Are vitamin supplements really necessary?

Are vitamin supplements really necessary?

According to the Centers for Disease Control and Prevention (CDC), more than half of all Americans are taking dietary supplements—from daily multivitamins to herbal tablets. The vitamin aisle in the grocery store can be overwhelming, especially as more vitamins are segmented to specific age groups and genders.

The problem is, according to the U.S. Food & Drug Administration (FDA), “The manufacturer of a dietary supplement or dietary ingredient is responsible for ensuring that the product is safe before it is marketed; and [the] FDA is responsible for taking action against any unsafe dietary supplement product after it reaches the market.” This means that, unlike prescription medications, a manufacturer of these vitamins do not have to prove the product’s safety.

“So you don’t always know what’s inside the [vitamin or supplement] pill you’re taking,” says Dr. Bruce Hyman, internal medicine physician with Advocate Condell Medical Center in Libertyville, Ill. “As a physician, I would ask my patients about their diet. If the diet conformed to recommended nutritional guidelines, then they are getting everything they need and don’t need to take a vitamin.”

The American Dietetic Association (ADA) agrees. In a position statement regarding nutrient supplements, the ADA states that “the best nutrition-based strategy for promoting optimal health and reducing the risk of chronic disease is to wisely choose a wide variety of foods.”

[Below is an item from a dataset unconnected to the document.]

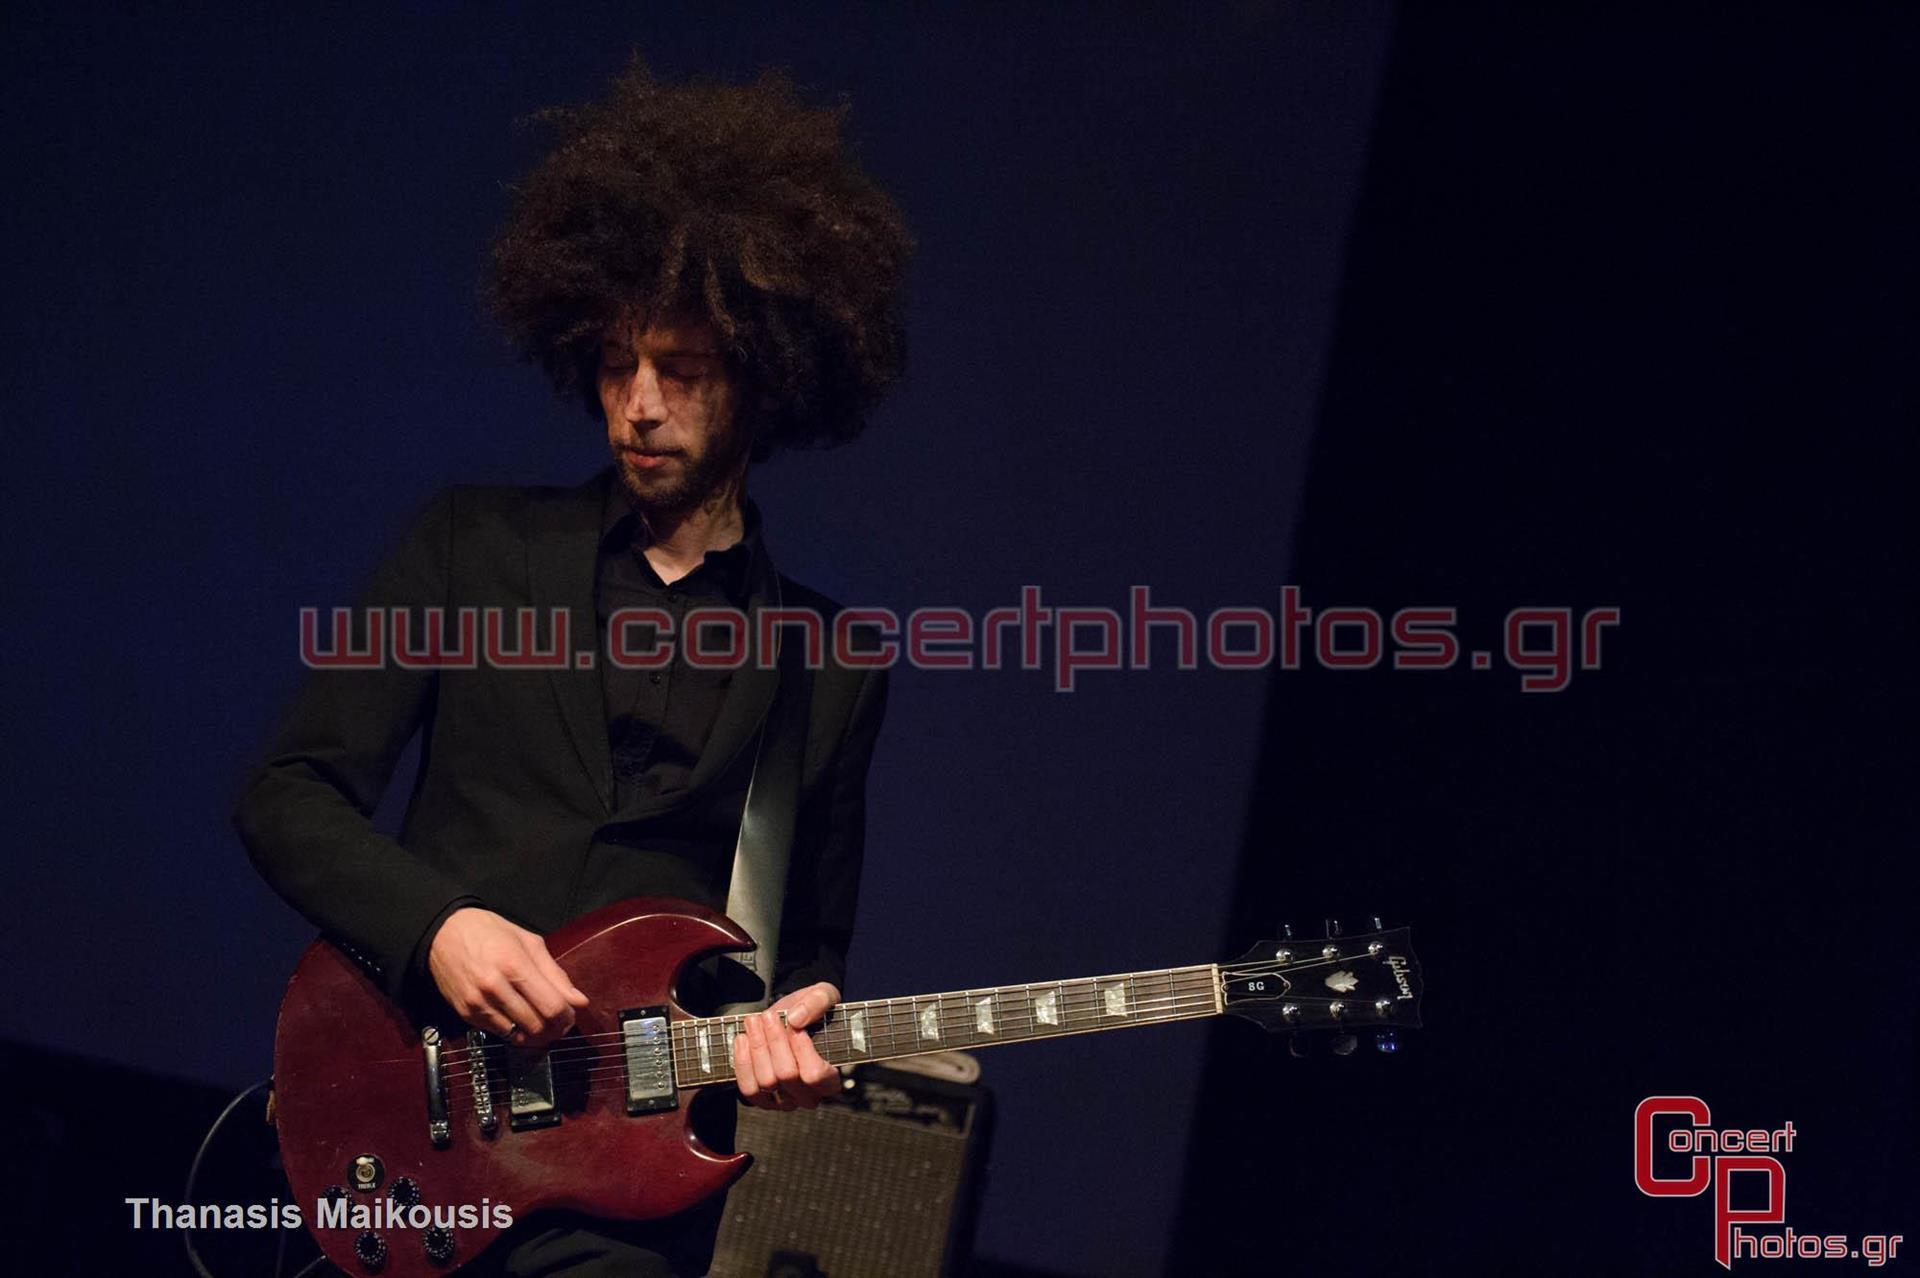 Wax Tailor - photographer: Thanasis Maikousis - ConcertPhotos-7711

So when is it OK to take a vitamin supplement?

“I would recommend a vitamin to my patients who, after a nutrition history, aren’t eating certain groups of food—such as strict vegetarians or vegans,” says Dr. Hyman.

The ADA also recognizes groups that may benefit from nutritional supplements, including:

  • Folic acid supplements for women of childbearing age who may become pregnant
  • Vitamin D supplements for infants who are exclusively or partly breastfed, and for children at increased risk of vitamin D deficiency
  • Vitamin B-12 for adults older than age 50

“But for a healthy person, you need to realize that if one is good, a hundred isn’t always better. There are possible side effects of mega-doses of vitamins,” says Dr. Hyman. “Further, if a patient has an underlying condition or is taking certain medications, taking a nutritional supplement could have serious harmful effects. Before you ever start taking any kind of supplement, make sure you consult with your physician.”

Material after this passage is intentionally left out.